THE DATA:
BEGIN

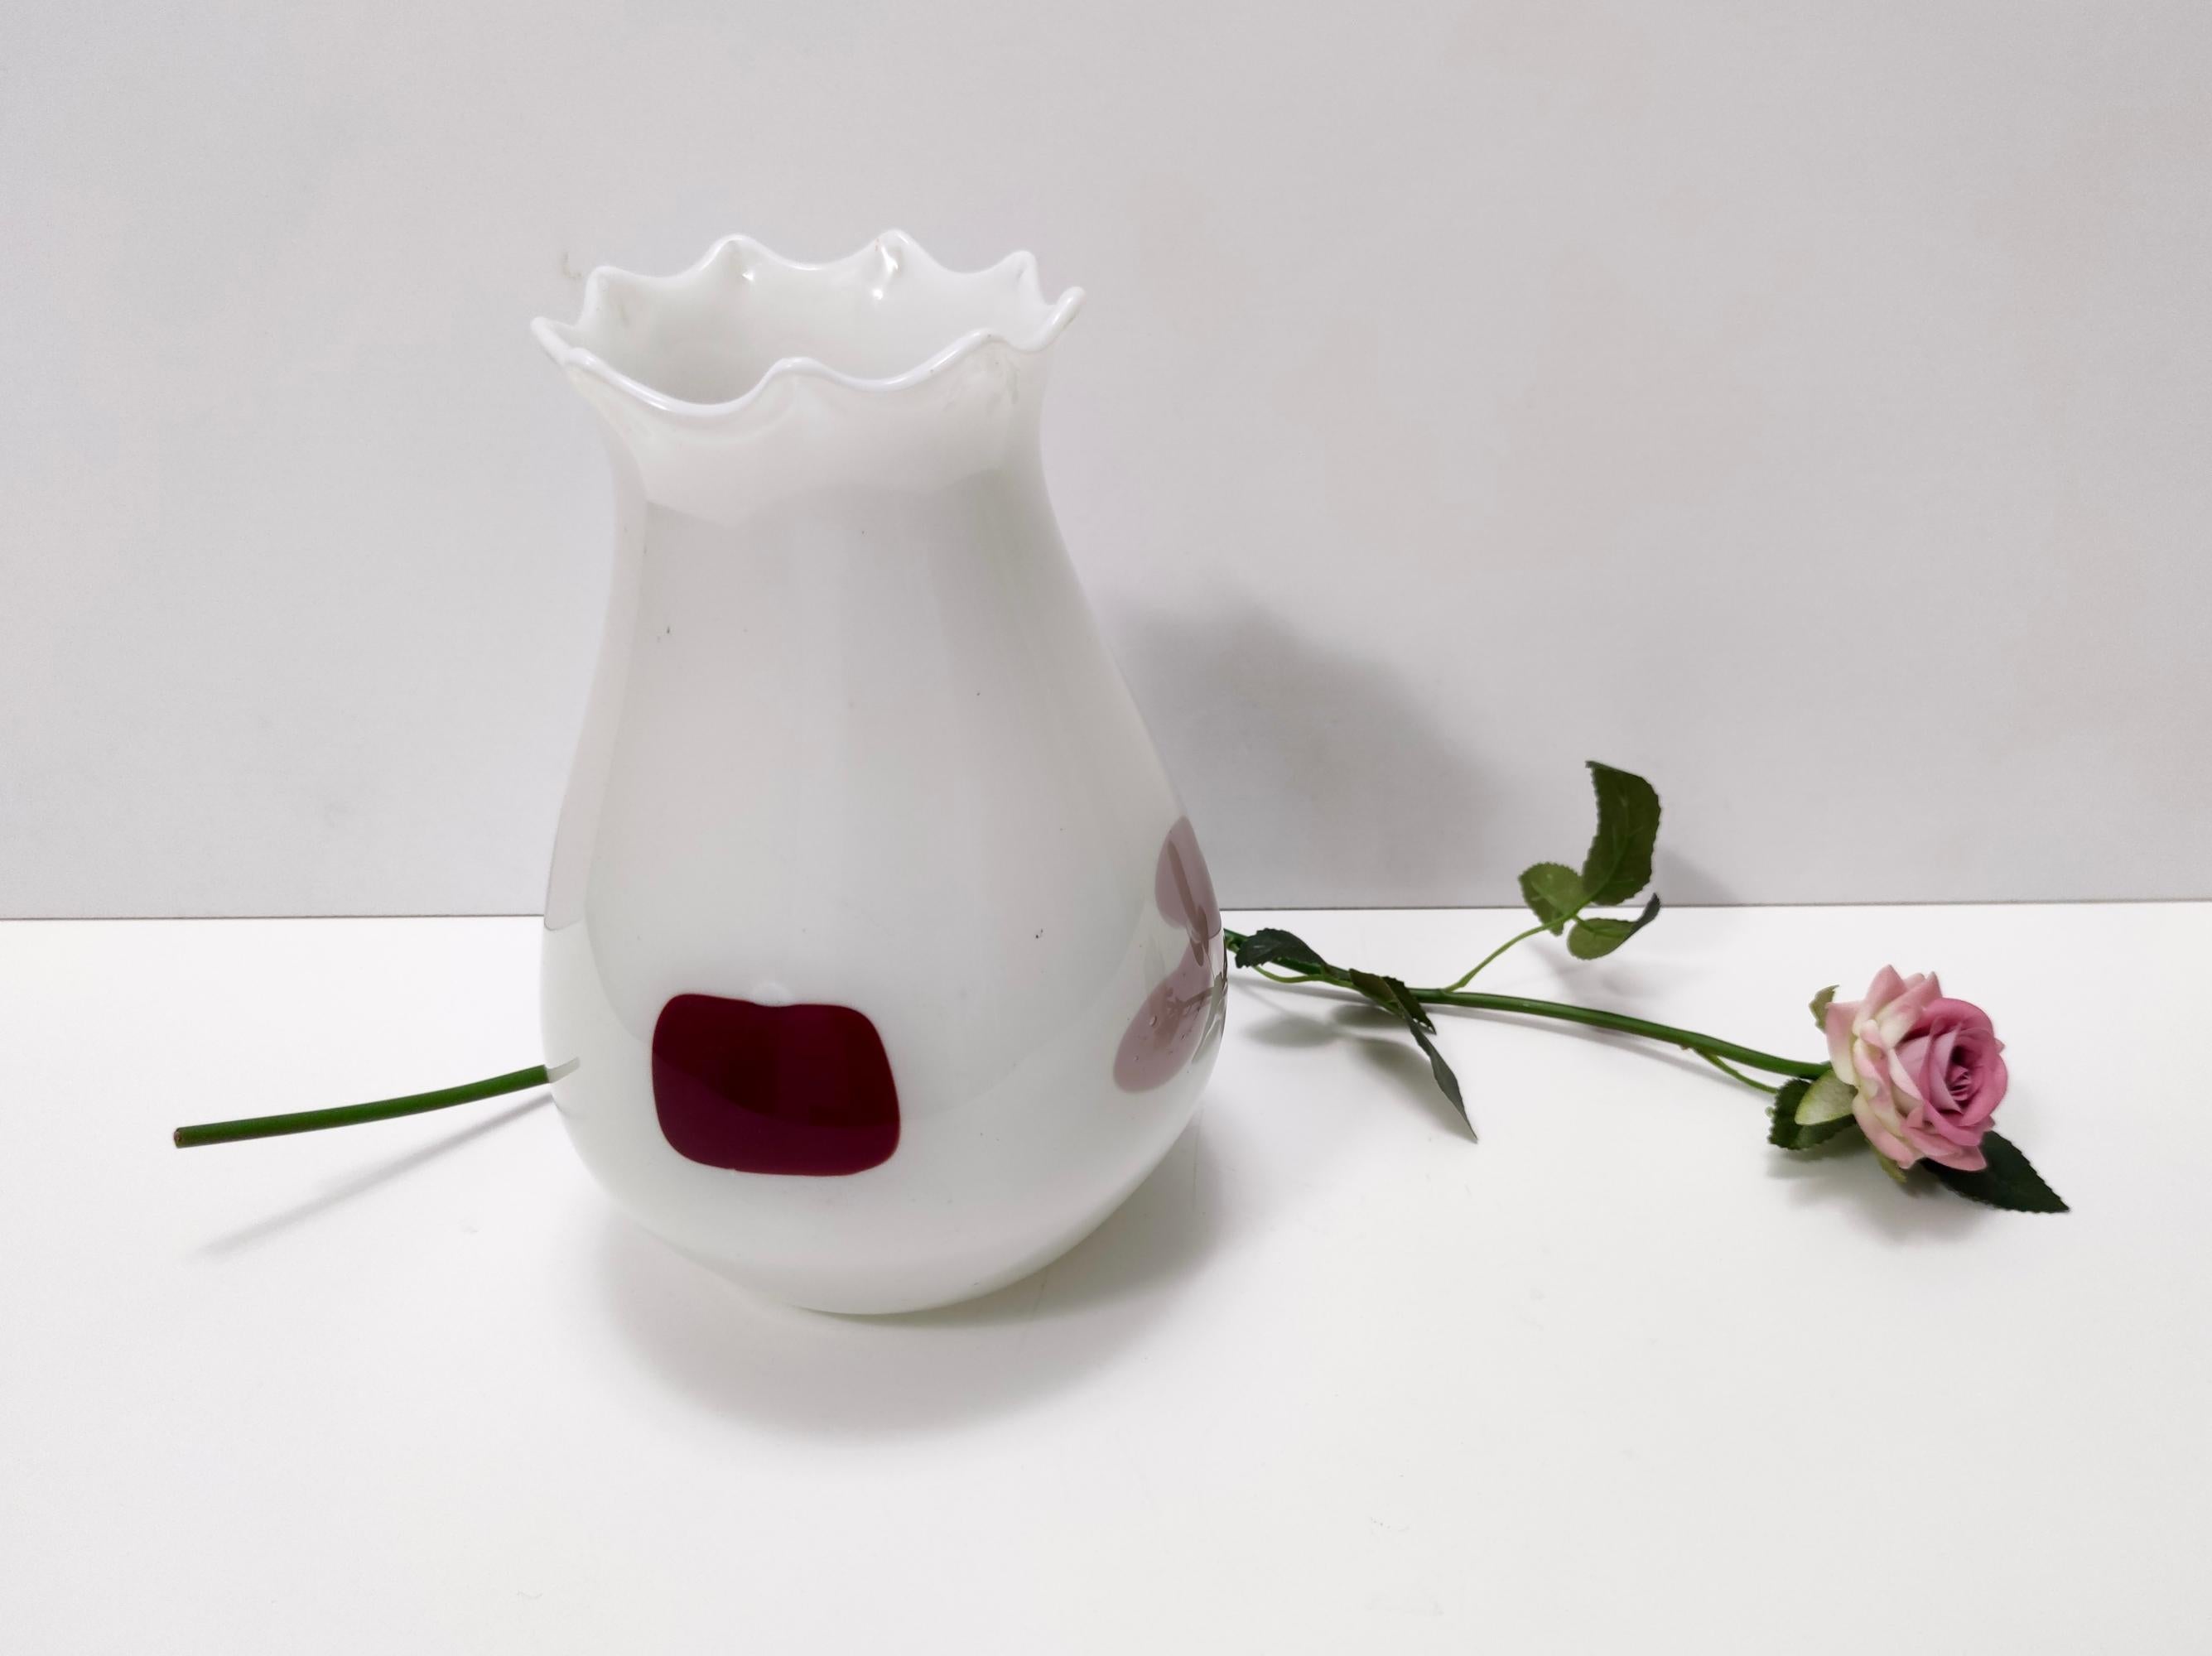 Made in Italy, 1950s. 
This white l'attimo Murano glass vase features playing card suits colored glass inserts (diamonds, clubs, hearts and spades).
It is a vintage piece, therefore it might show slight traces of use, but it can be considered as in
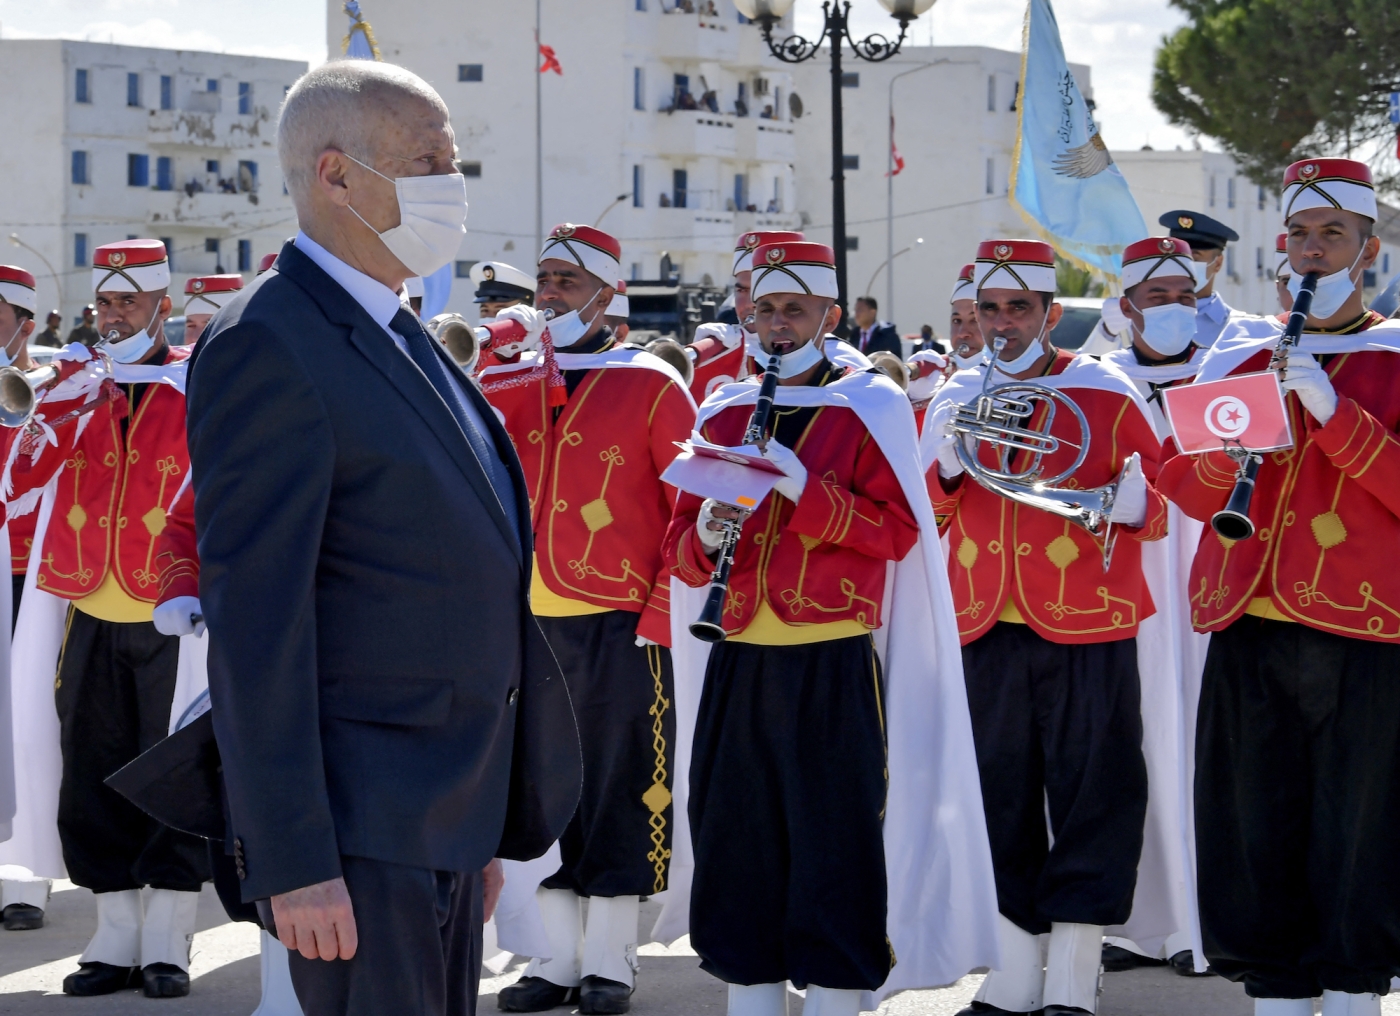 Tunisian President Kais Saied reviews honour guards at an Evaculation Day commemoration ceremony in the northern town of Bizerte on 15 October 2021 (AFP)

END

REQUIRED ACTION: Write out exactly the lines from the line that contains "It is a vintage" to the last line of the material above, both included; pictures do not belong in the copy.

ANSWER BOX:
It is a vintage piece, therefore it might show slight traces of use, but it can be considered as in
 Tunisian President Kais Saied reviews honour guards at an Evaculation Day commemoration ceremony in the northern town of Bizerte on 15 October 2021 (AFP)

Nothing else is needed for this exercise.